Wednesday, June 24, 2015

The contract

For quite sometime now I have known that I get really exited pleasing my girlfriend in the bedroom.  It is actually quite clear to me that pleasing her gives me a much greater thrill and excitement than the opposite of her pleasing me. (Even thought she is really god at it)

Recently I have started talking to my girlfriend about these things and the other night when we were lying in bed I told her how sexy I think it is when she is in command. I told her that I like when she has all the power and tells me what to do. 

With a smile she then answered me:

“Hmm, that’s good, so that means I get to decide what you should do outside of the bedroom as well. Then tomorrow at 06:30 I would like to have breakfast served in bed, a boiled egg, some toasted wholemeal bred, maybe some orange juice, and….”

This was not at all what I had expected. Even though I don’t think she was really serious suddenly it lit a spark in me. I thought to my self, if she said that she wants breakfast in bed in the morning then I’m going to bring it to her.

The next morning I got up early to serve her breakfast, which I watched her enjoy. During the day I thought about it and came to the conclusion that I felt there was something erotic about the whole thing, she telling me what to do and I having to obey.  There was something there that I could not really grasp, but the thought of shifting power in our relationship seemed very appealing and thrilling, I wanted here to sternly tell me what to do again and me having to serve her.

I wanted to know what our relationship would be like if she had all the control and thought about how to create such a scenario.

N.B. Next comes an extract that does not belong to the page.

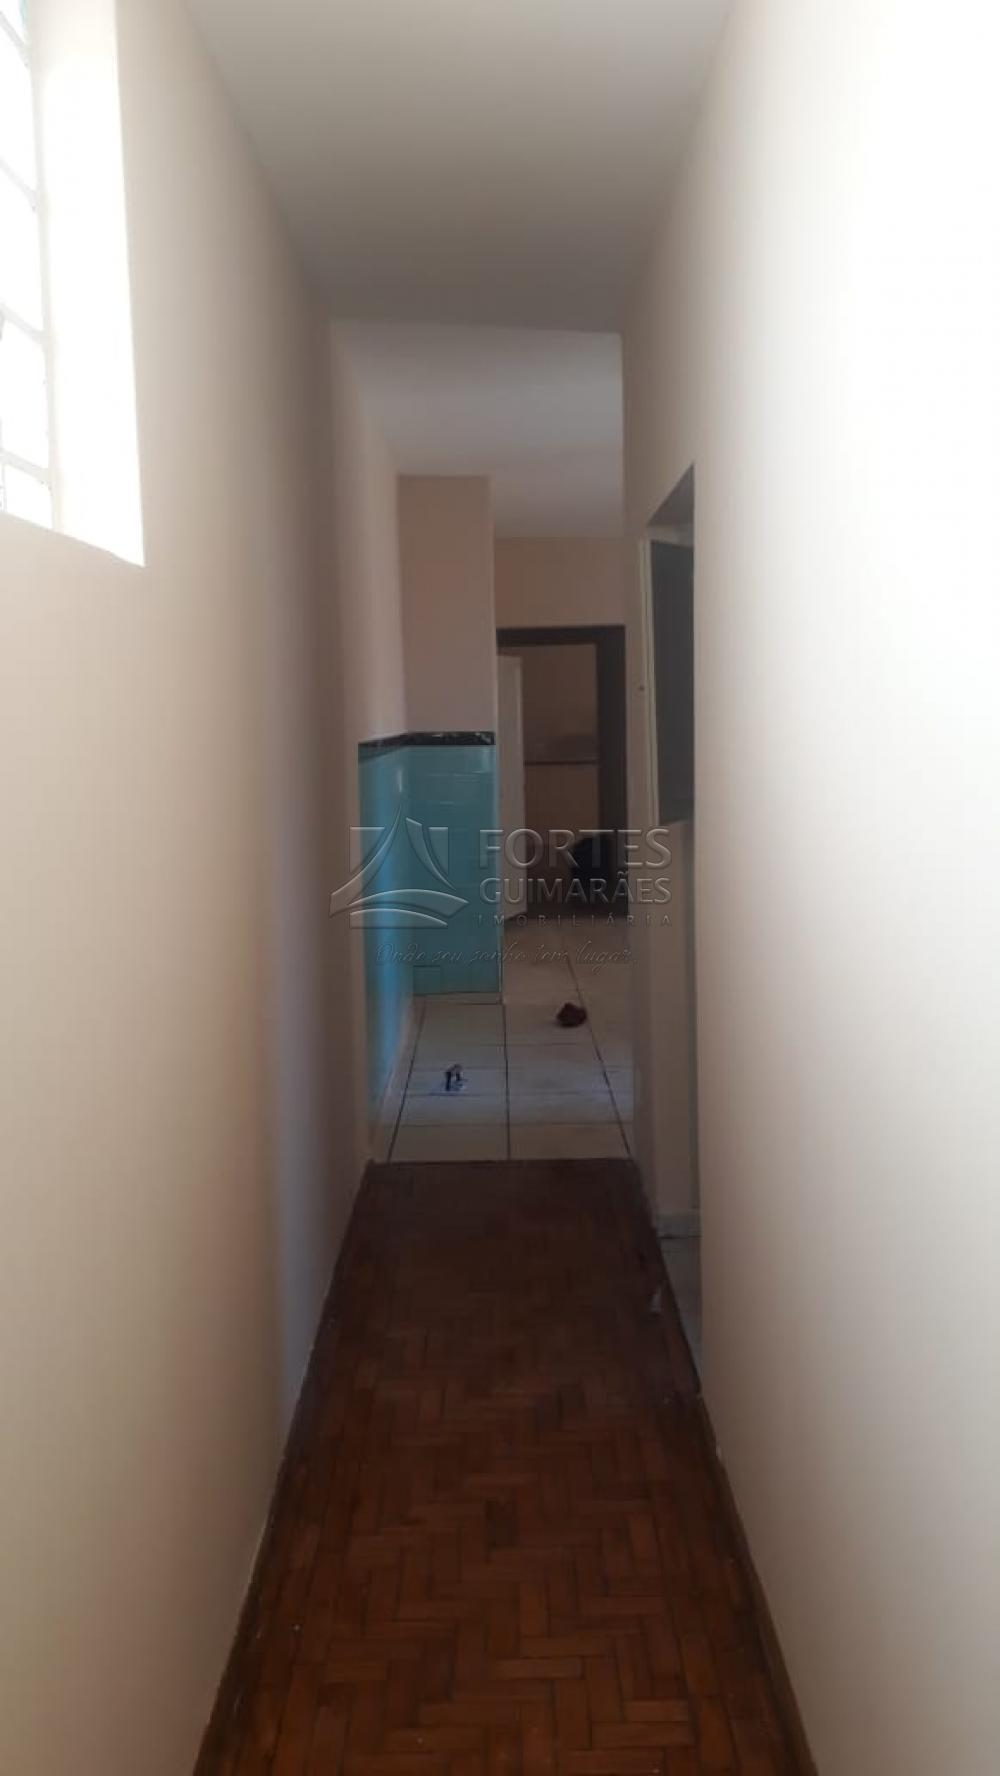 Alugar Casas / Padrão em Ribeirão Preto apenas R$ 850,00 - Foto 27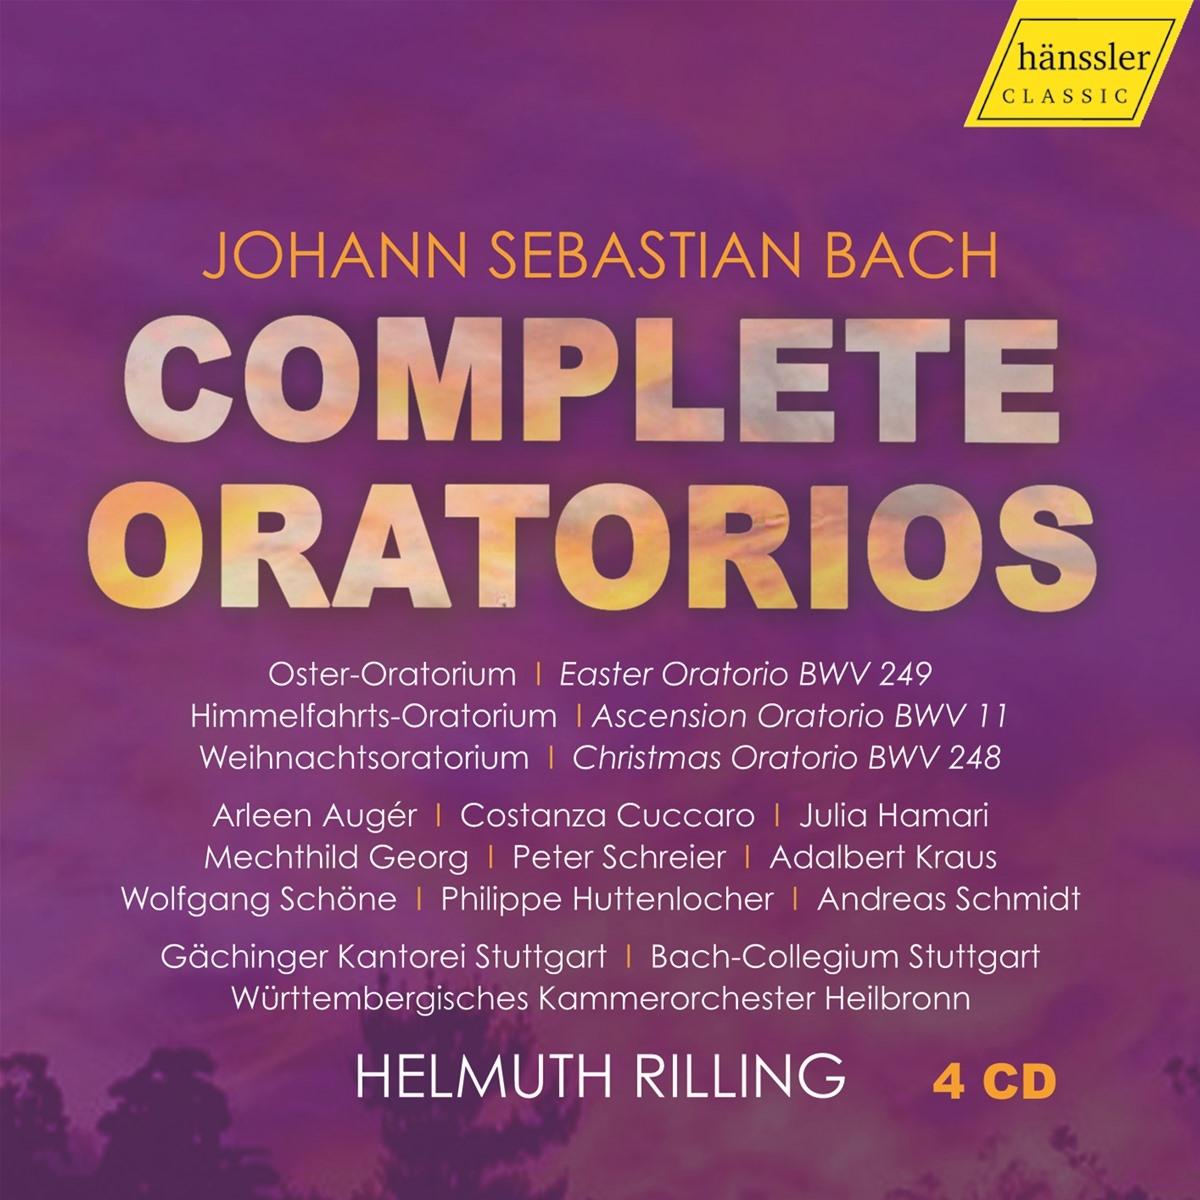 Complete Oratorios

That’s when I came up with the contract.

For 1 week I would have to do everything she told me to, inside and outside of the bedroom, all with the purpose of pleasing her. She would be empowered to use me with the only limits of her own imagination. I would be completely under her command.

She read the contract and agreed.






4 comments:

  1. What did the contract say, specifically? What were the results? Where do you hope it will lead?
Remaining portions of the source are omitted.